Some are vision + text: They can understand images but can’t generate them
Some access separate image generation models: When you ask for an image, they call a different model (like DALL-E or Stable Diffusion) behind the scenes — it’s not the LLM itself drawing

When a chat interface generates an image for you, it’s almost always handing off to a specialized image model. The LLM is the orchestrator, not the artist.

“The AI drew this for me” is a common misconception. Most language models cannot natively generate images — they send a request to a separate image generation model. Understanding this distinction matters when you’re evaluating AI tools for a business use case.

The Middleman Problem

You upload a PDF to your favorite LLM. It answers your questions about it. But what actually happened behind the scenes?

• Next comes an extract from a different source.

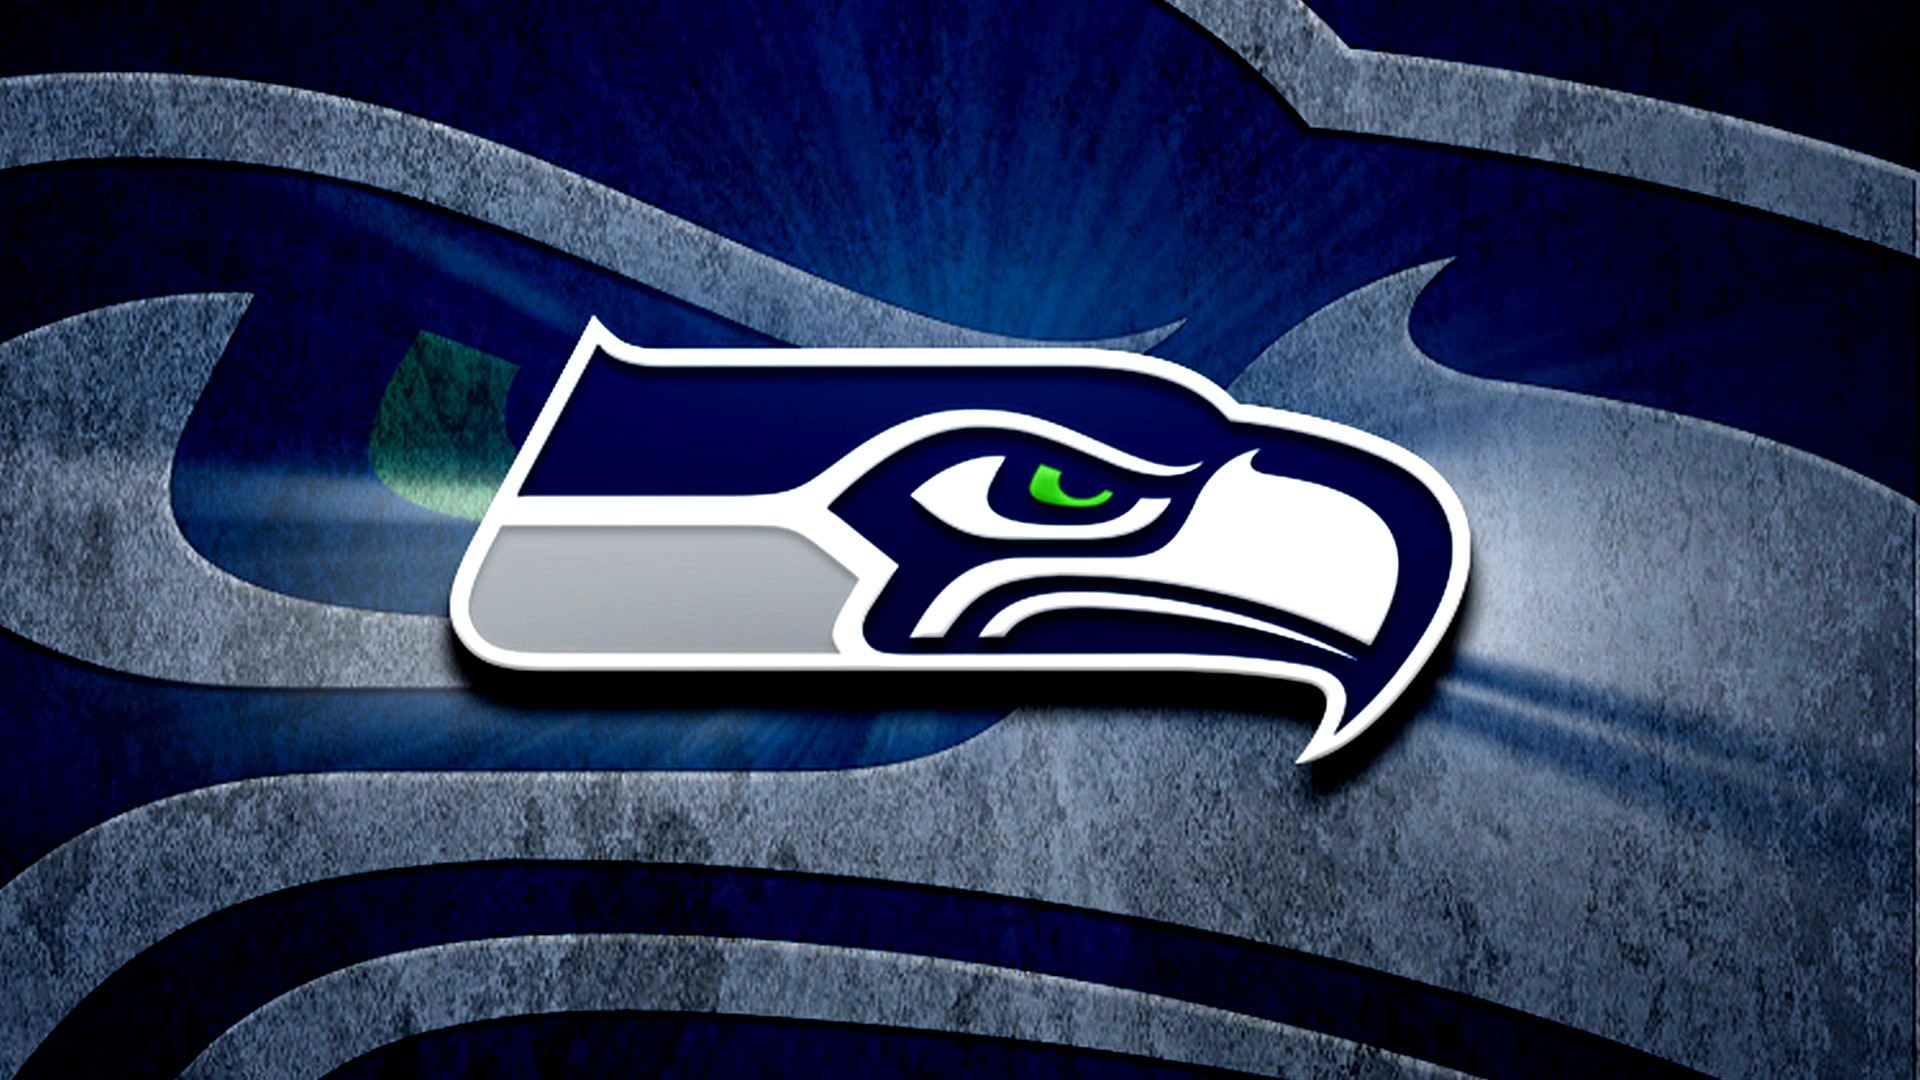 Wallpapers HD Seattle Seahawks NFL With high-resolution 1920X1080 pixel. You can use this wallpaper for your Mac or Windows Desktop Background, iPhone, Android or Tablet and another Smartphone device

In many cases, the LLM didn’t “read” your PDF directly. The platform ran an intermediate tool first — something that extracts text from the PDF, transcribes the audio, or pulls the transcript from a video. The LLM then works with whatever that tool produced.

This matters because the intermediate step can lose or distort information:

PDFs: Tables lose their formatting, charts get converted to garbled text or skipped entirely, multi-column layouts get scrambled, images embedded in the document may be stripped out
YouTube / video links: The LLM may only see the title, description, and auto-generated transcript — not the actual video frames. You might expect it to comment on what’s shown on screen, but it only “knows” what was said
Audio files: Transcription errors, missed words, speaker confusion — whatever the transcription tool gets wrong becomes the LLM’s blind spot
Images inside documents: Diagrams, flowcharts, and graphs may be poorly described or completely ignored during the extraction step

What did the platform actually see? Before you trust an LLM’s response about an uploaded file, ask yourself: did the platform understand my file natively, or did it run a tool first? If there was an intermediate step, what might have been lost or distorted?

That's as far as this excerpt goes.